Drunks are notoriously more interesting as fictional protagonists than real human beings.
Entertainment value triples when you’re reading about some alcoholic smartass going on adventures, rather than being forced to listen to your Uncle Jack spewing another racist rant over Thanksgiving… again. There is remotely nothing interesting about someone who drinks a lot, unless that person is in a book. Then I’m immediately on board.
Cue the protagonist of Valerie Valdes’ Chilling Effect, Eva Innocente, captain of La Sirena Negra. Yeah, she often gets wasted when visiting alien planets on work-related missions, and yes, she’s often almost arrested or murdered for her actions while intoxicated. But, goddammit, her crew can’t help but remain loyal despite those flaws.

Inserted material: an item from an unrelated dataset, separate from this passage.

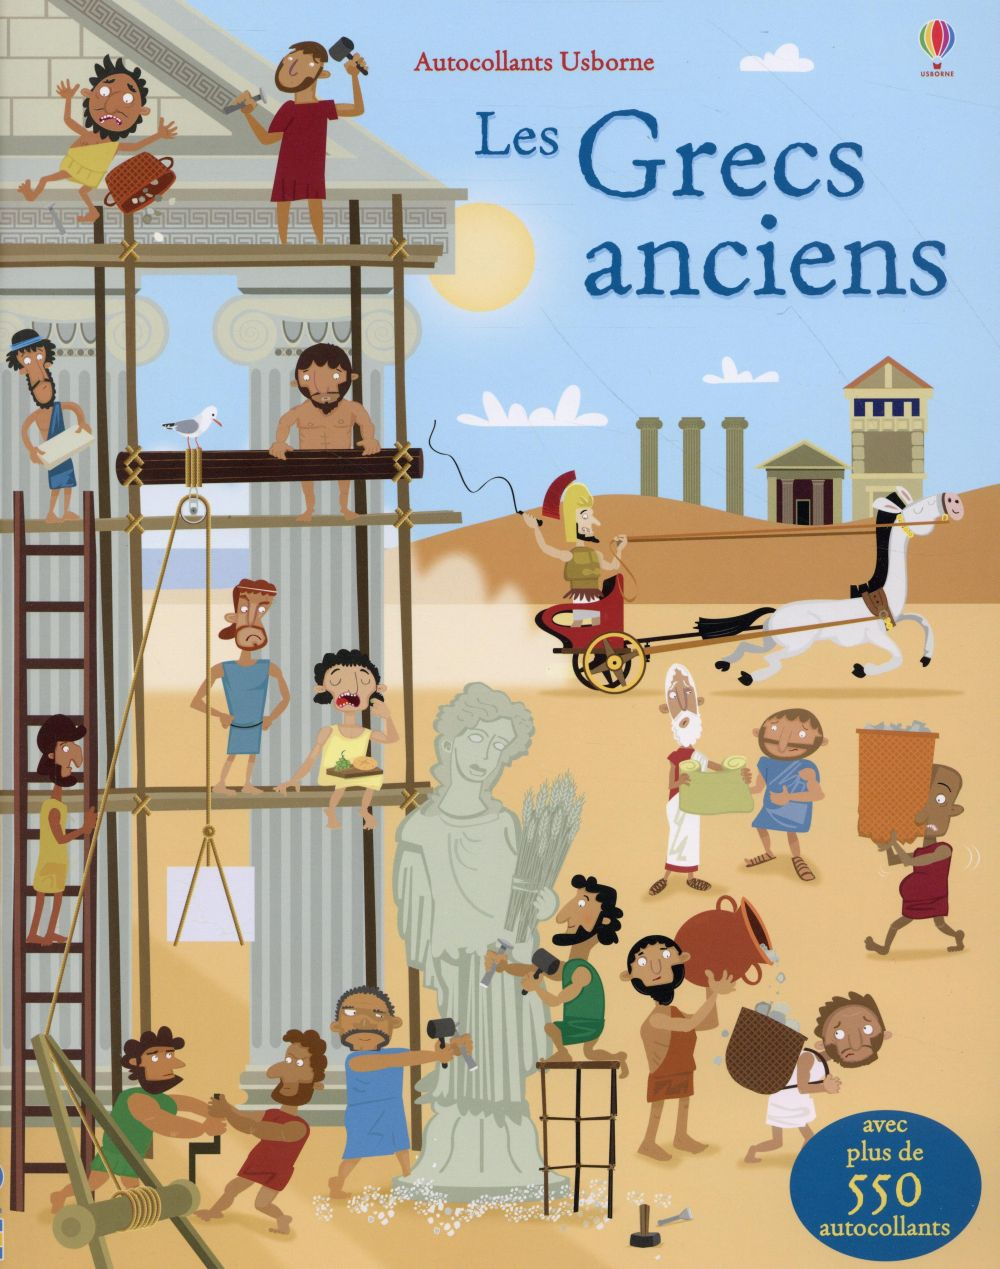 LES GRECS ANCIENS - AUTOCOLLANTS USBORNE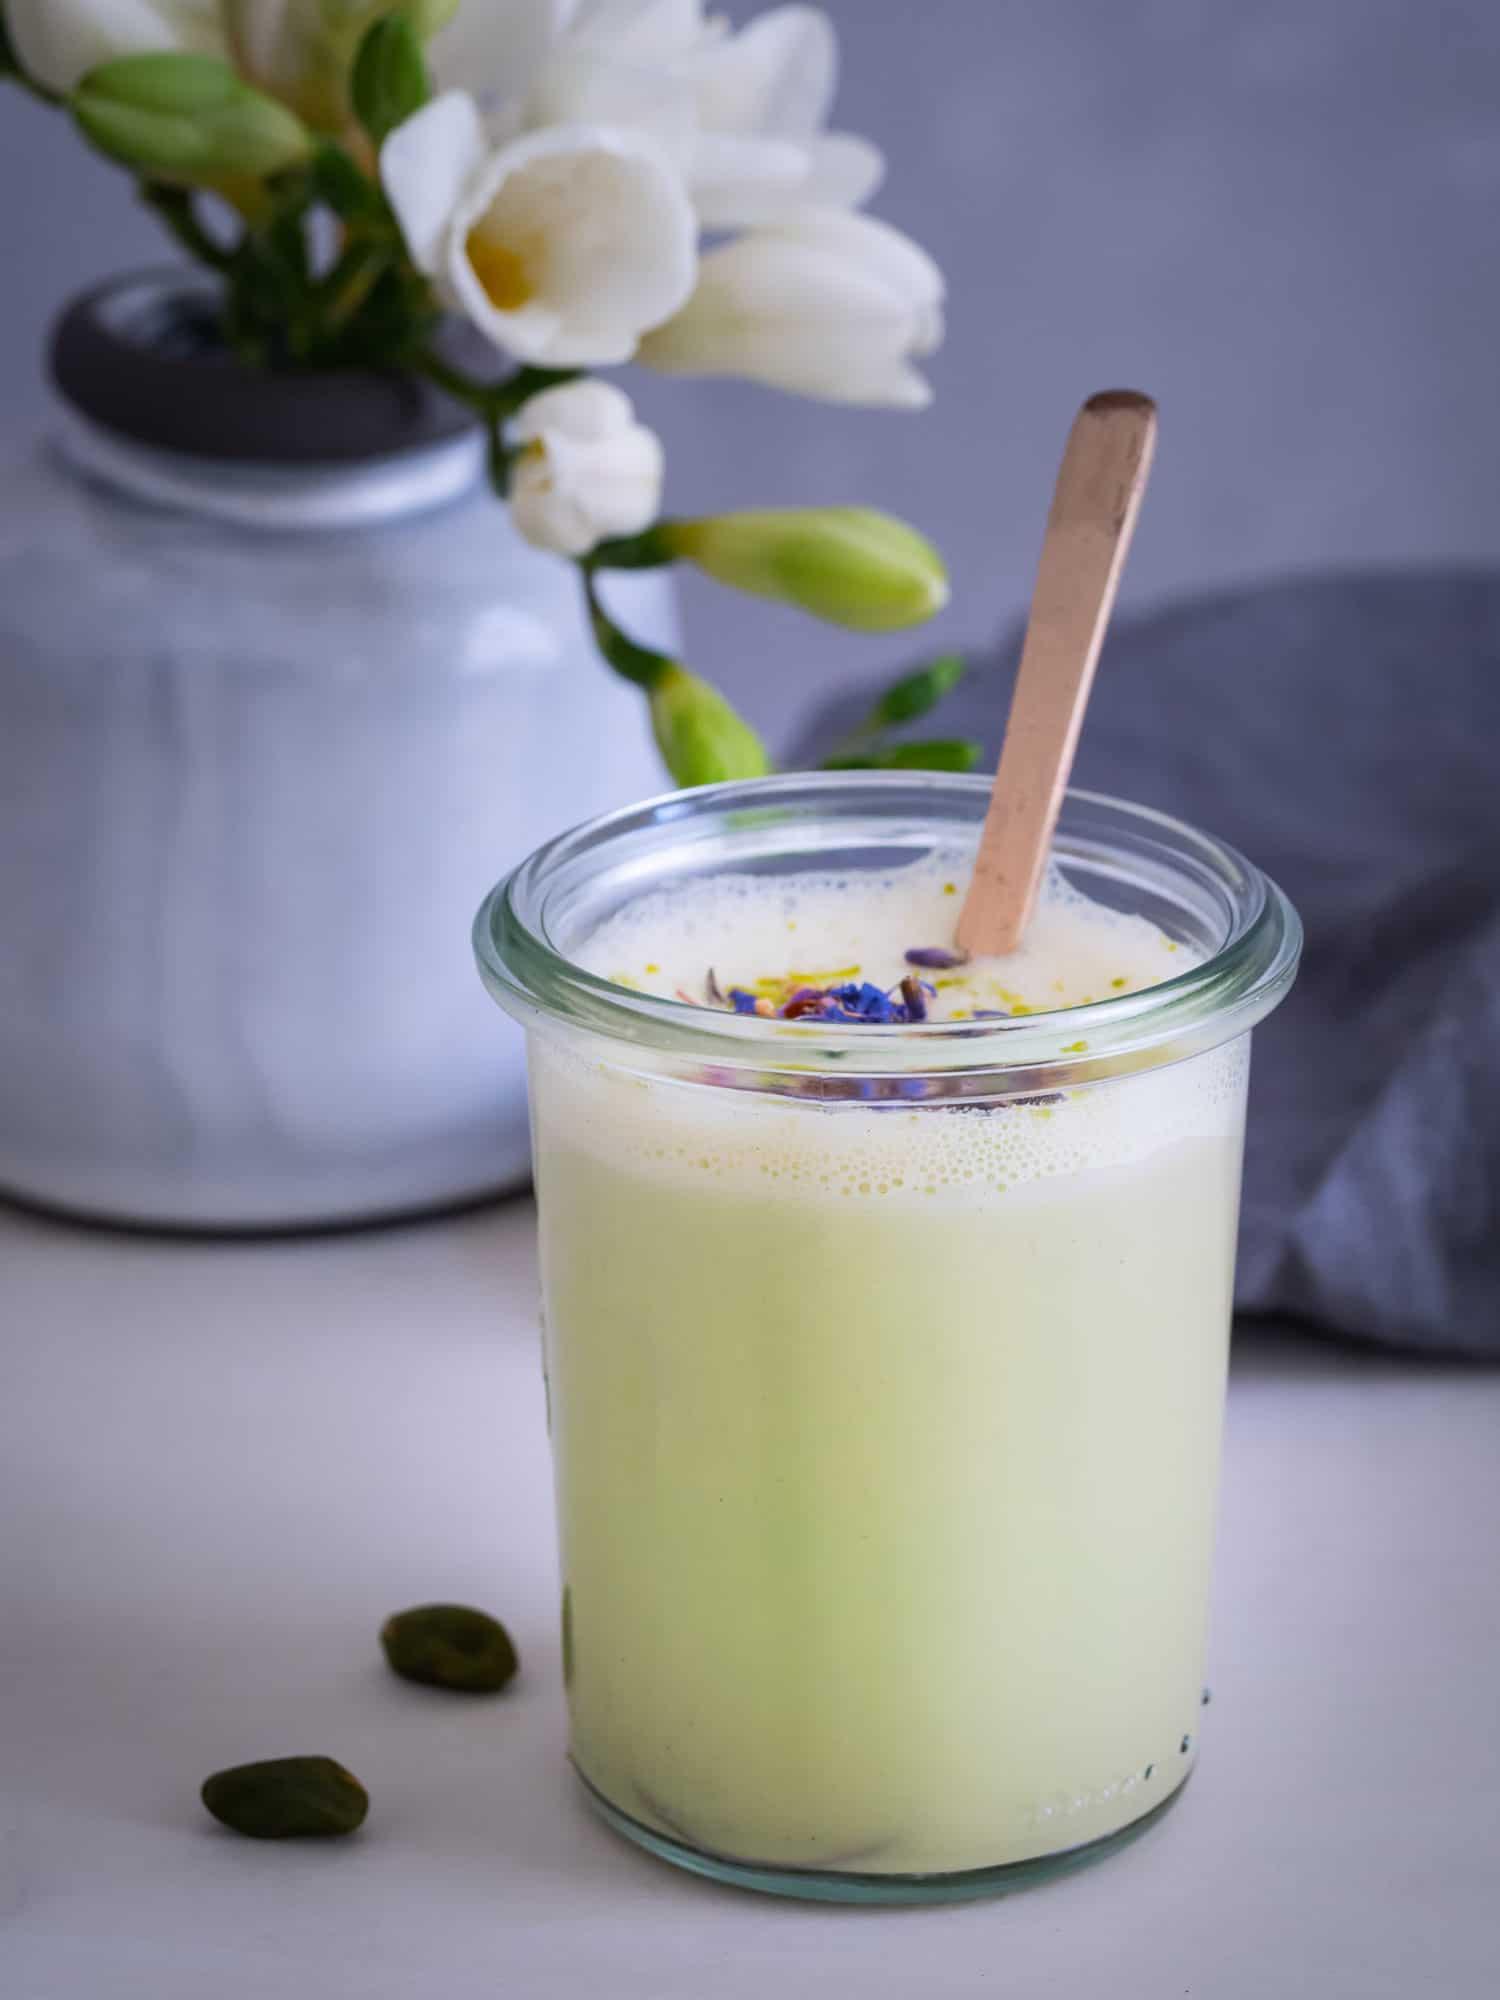 Pistazien Milch im Glas mit Blüten

They don’t even really mind that their latest contractor went bankrupt in the middle of a delivery, leaving them not only without a paycheck but also stuck with the cargo they’d been in the process of delivering: 20 psychic cats. Yes, psychic. One would think a spaceship inhabited by 20 psychic cats would be enough plot for an entire trilogy of epic novels, but that’s only the first chapter in Chilling Effect. We don’t really get going until Eva receives an alarming message from a dangerous space syndicate known as The Fridge, who claim to have her sister hostage. The ransom? Performing a series of odd errands around the galaxy that somehow benefit the syndicate.
From there, Valerie Valdes takes us on a series of weird and comic adventures. The more you approach this novel like a video game, the better you’ll enjoy it, as Chilling Effect mostly consists of “levels” that become more difficult as Eve and crew progress. Despite its fast pace, this kind of episodic structure can make the story’s development feel glacial at times, which is a bit of a bummer and makes for a long reading experience.
Even so, there is a lot to like here. The cast is as diverse as one can ask for, which is always a plus. The sci-fi alien stuff is also weird and wonderful, and the humor is almost comparable to Douglas Adams’ best work. I just wish we had more time with the psychic cats — but then again, who doesn’t want that?